White Lightning Chain Lube
 
What ticks me off on most of those high dollar hex drivers, is that they don't have the hex further up the shaft. So if/when you might round them off, you could just trim the end, and start over. I've received my Just Bash It aluminum chassis and shock towers for my new Kraton, and am dreading tearing it down to rebuild. Micro torch and soldering iron at the ready. Bought a nice set of ball end hex's, and found they snap easily where they are cut down past the ball end.
 
I was a skeptic about the superiority of the MIP hex drivers but finally broke down and bought a set. They are worth every penny so much so I bought the a set of the speed tips. They only have the hex on the tip but that keeps them from twisting from being too thin.
 
What ticks me off on most of those high dollar hex drivers, is that they don't have the hex further up the shaft. So if/when you might round them off, you could just trim the end, and start over. I've received my Just Bash It aluminum chassis and shock towers for my new Kraton, and am dreading tearing it down to rebuild. Micro torch and soldering iron at the ready. Bought a nice set of ball end hex's, and found they snap easily where they are cut down past the ball end.
I know this goes against what everyone says, but after heating the screws, I use a "good" L shaped allen key to break the seal of the thread lock. I make sure it's seated and straight, and just use it to "crack" the screw loose. The MIP's are great all around, but those plastic handles just don't give me the torque necessary to break loose the screws. The only time I've ever stripped a screw, was forgetting to heat it before I started. Regardless, I keep a full set of screws on hand, bought from Jennys, in case I feel the integrity of the screw has been compromised.
 
I've received my Just Bash It aluminum chassis and shock towers for my new Kraton, and am dreading tearing it down to rebuild. Micro torch and soldering iron at the ready. Bought a nice set of ball end hex's, and found they snap easily where they are cut down past the ball end.

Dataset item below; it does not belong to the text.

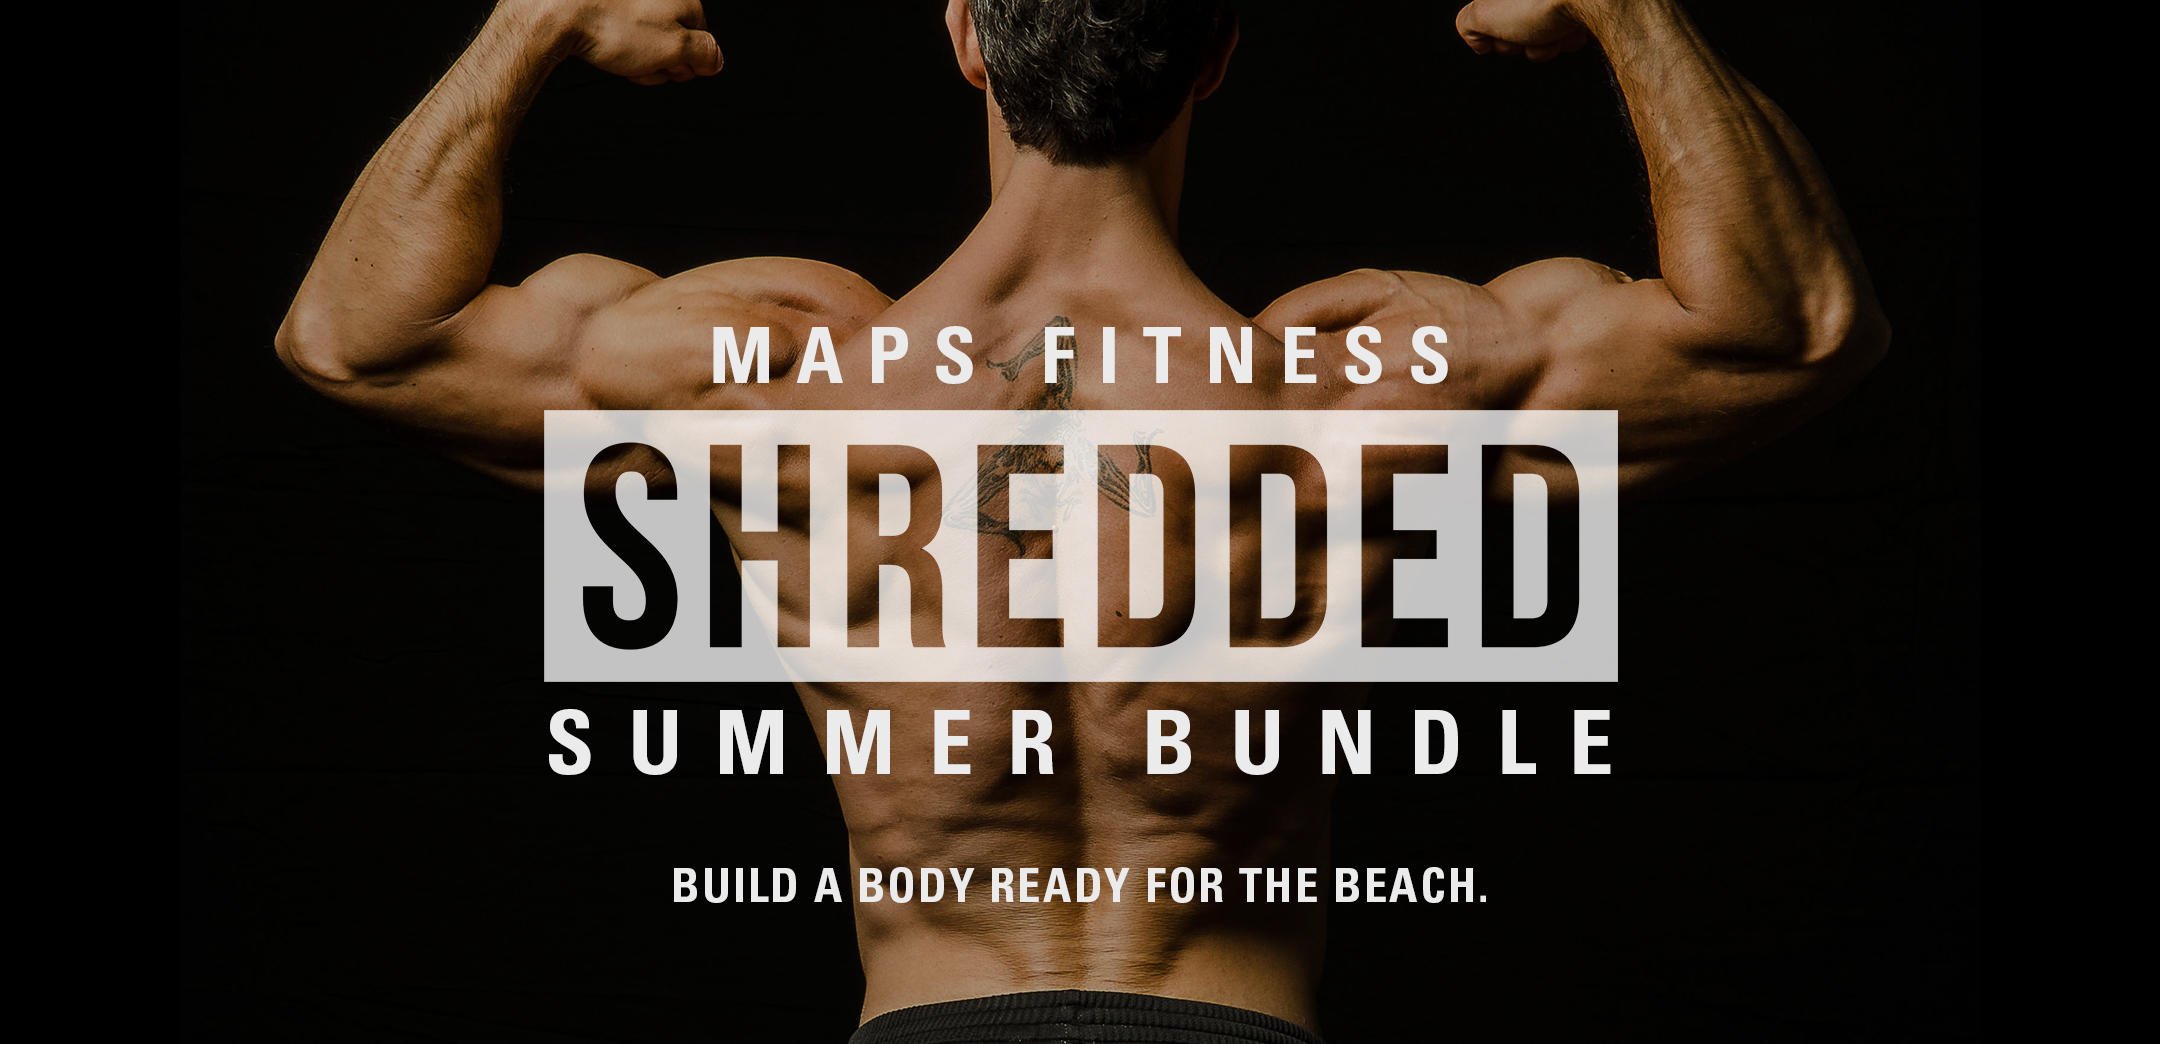 MAPS Fitness Products Shredded Summer Bundle

Do you have a cordless hex bit driver? For me, that made all the difference between dread and enjoyment in performing any maintenance, let alone full tear downs. If I had to start all over, a cordless driver and MIP hex bits are the first tools I would buy. The ball end hex drivers are nice for off-axis situations, but not ideal when high torque is needed.
 
I know this goes against what everyone says, but after heating the screws, I use a "good" L shaped allen key to break the seal of the thread lock. I make sure it's seated and straight, and just use it to "crack" the screw loose. The MIP's are great all around, but those plastic handles just don't give me the torque necessary to break loose the screws. The only time I've ever stripped a screw, was forgetting to heat it before I started. Regardless, I keep a full set of screws on hand, bought from Jennys, in case I feel the integrity of the screw has been compromised.
I bought just the MIP hex bits and use them in a hex bit driver like this. It's given me sufficient torque to break the red locktite along with heat.